Our average frost-free date around here is March 21–we can usually sneak in a little earlier, but not much. I should be putting in brassicas–broccoli and kale and cabbage and Brussels sprouts–now, or maybe even a few weeks ago, if I want them to be all grown up by the time the really vicious summer weather hits. Time to get my catalogs together and circle some selections. Good or bad, it’s decision time.
Kate
February 20, 2014 at 11:28 amSo exciting! I can’t wait to see how you plant all these wonderful thoughts and let them grow. Gardening is truly an education and connects us to our surroundings in unexpected ways with each growing season. No year is ever the same and it can be humbling to say the least! It’s also a way to practice patience and to learn to observe carefully with the reward of eating a hearty helping of gratitude. I don’t know anyone who gardens who is not so grateful for that first ripe tomato. And as you already know, the fundamental and most important part of the plants in your garden is not in the leaves, or the fruits…it’s in having strong, healthy roots. I think in turn, gardening helps us strengthen our own roots. Have fun with your plotting and planning! Oh…one more tidbit…when we put in our garden last year (haha, that actually makes it sound like it’s “done” which it never will be…gardens are living things that are ever-evolving), the first thing we did was to get a soil test from our state agricultural extension. Through this we discovered that our soil had very few nutrients so we amended it accordingly with compost and topsoil. It made all the difference in both our vegetable and perennial beds. Wishing you a garden of abundance! xo
Deborah
February 20, 2014 at 11:41 amI totally agree with you–and I think the appeal to me of gardening is that it IS slower and teaches us planning and patience, which I struggle with. I never feel as though I can really take credit for what happens there, it always feels like part magic and part miracle! Just looking at the catalogs is reminding me how much I have missed it these past years when we haven’t put a garden in.

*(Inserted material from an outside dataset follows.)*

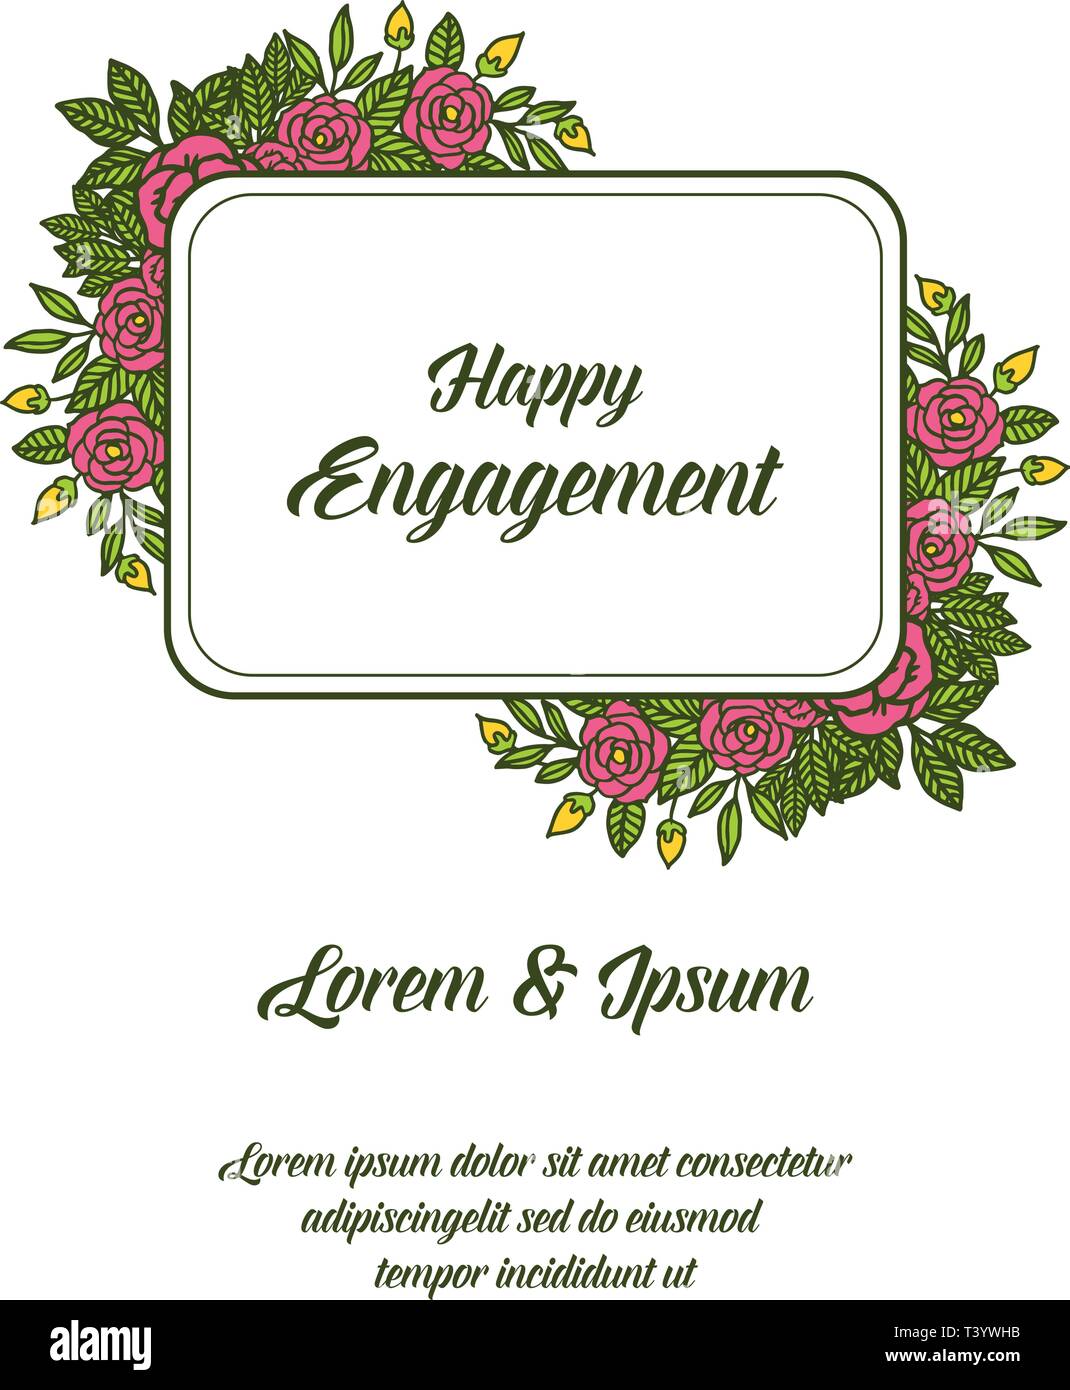 Vector illustration happy engagement greeting card with style of ...

I actually completed the Master Gardener training with our extension service, about 10 years ago, so I knew they did soil testing, but haven’t thought of it in ages! I’m so glad you reminded me! Those state extension offices are completely amazing resources–I wish more people knew they were there.
And don’t we all need reminding that the most important growth isn’t our fruit, it’s our roots? 🙂
Can’t wait to see what you two put in this spring!